3. Design for resumability: store job progress so another instance can resume from the last checkpoint, not restart from scratch.
4. Use Spot Instance interruption notices in EventBridge to trigger an external handler (Lambda) that starts a replacement instance before the current one terminates.
5. For ECS/EKS: use Spot Instance draining to gracefully remove tasks before termination. The 2-minute window is short — your checkpoint logic must be fast.

L2 (2 questions)¶

1. Your application fetches IAM role credentials from the instance metadata service at http://169.254.169.254. A vulnerability in your web app allows SSRF. What is the risk, and how does IMDSv2 mitigate it?

Show answer

IMDSv1 responds to simple HTTP GET requests. An SSRF vulnerability allows an attacker to make the server request http://169.254.169.254/latest/meta-data/iam/security-credentials/ROLE_NAME and exfiltrate temporary IAM credentials (access key, secret key, session token). These credentials have the full permissions of the instance role. IMDSv2 mitigates this by requiring a session token: first PUT to /latest/api/token with a TTL header (hop limit = 1), then use the token in subsequent GET requests. The PUT request's hop limit of 1 means it cannot traverse a proxy or be forwarded from an SSRF — the attacker's request comes from outside the instance's network stack and the hop count exceeds 1. Enforce IMDSv2 by setting HttpTokens=required on the instance.

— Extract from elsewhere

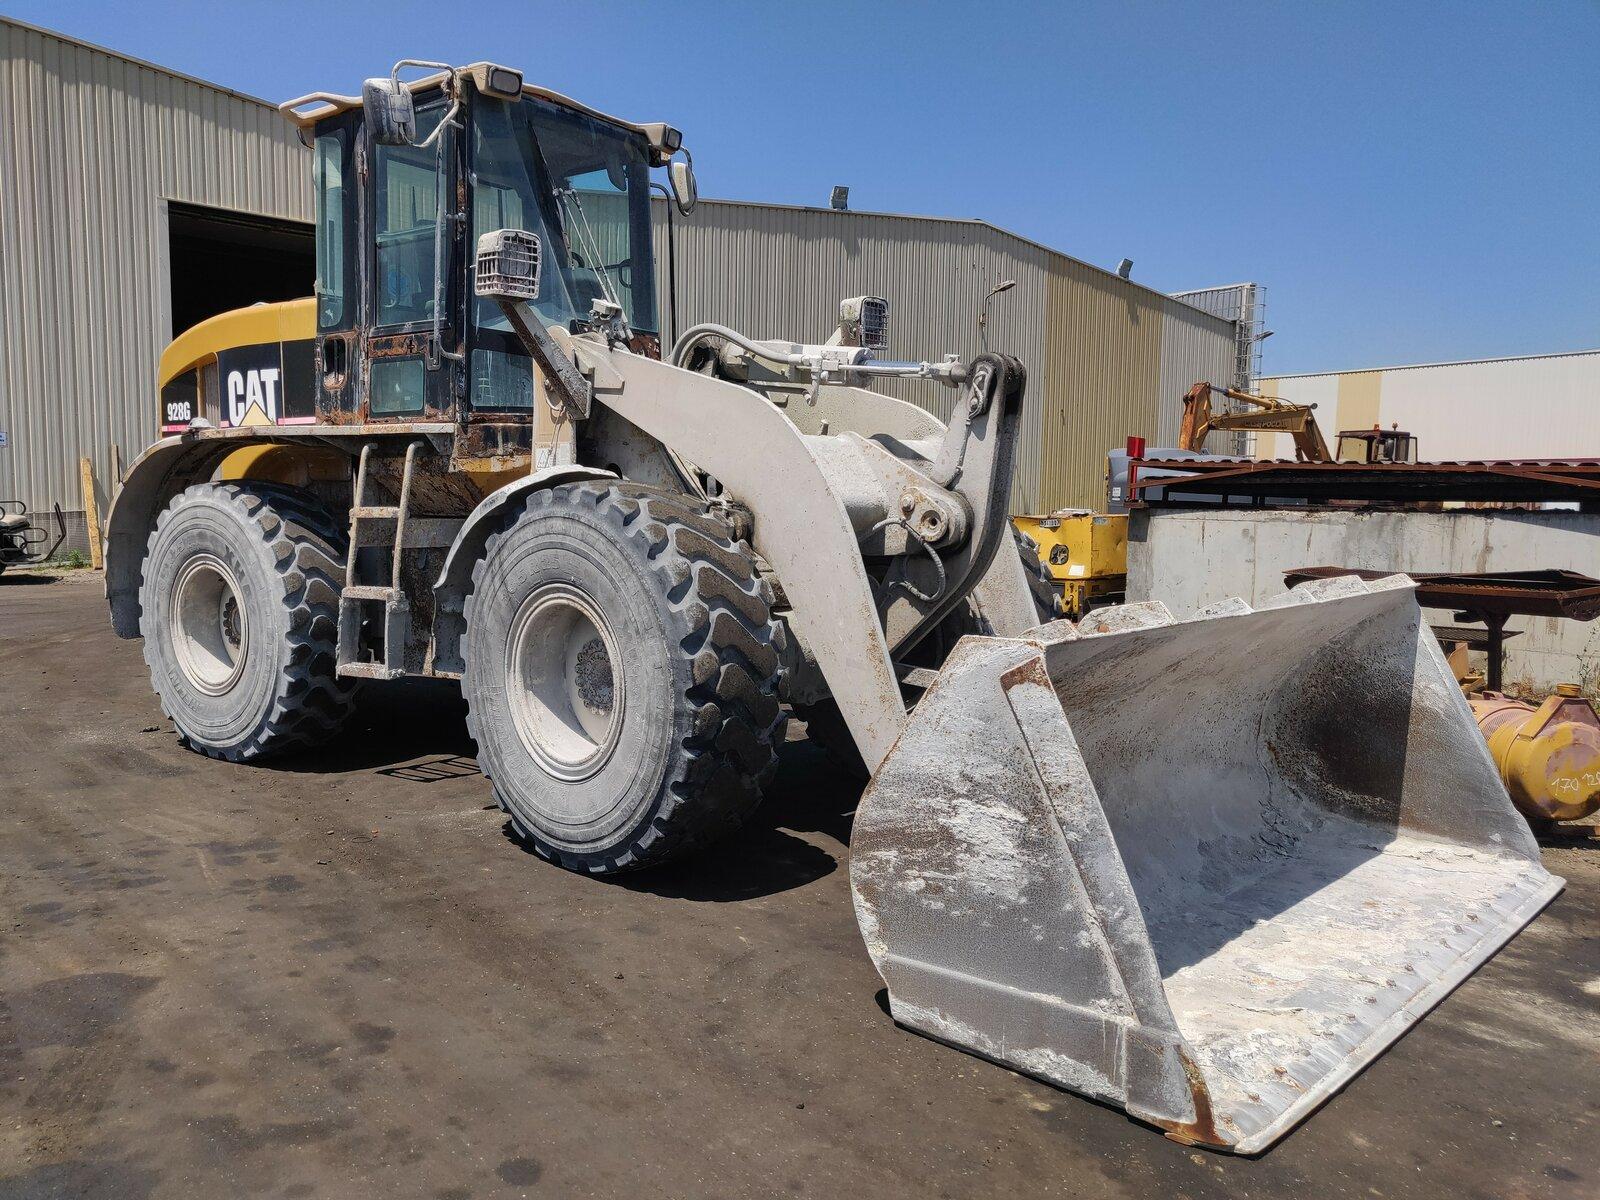 Wheel loader CATERPILLAR 928G - Codimatra<br />

2. You have a Reserved Instance for m5.large in us-east-1a. You want to use m5.xlarge in us-east-1b instead. Can you modify the RI, and what are the constraints?

Show answer

You can modify a Standard RI within the same instance family and region. m5.large to m5.xlarge is the same family (m5), so the size change is allowed — but you must account for the normalization factor difference (large = 4 units, xlarge = 8 units, so one large RI only covers half an xlarge). AZ change within the same region is allowed (us-east-1a to us-east-1b). However: you cannot change the instance family (m5 to c5), OS platform (Linux to Windows), or tenancy (shared to dedicated). For those changes, you need to sell the RI on the Reserved Instance Marketplace and purchase a new one, or use Savings Plans instead which offer more flexibility across instance families.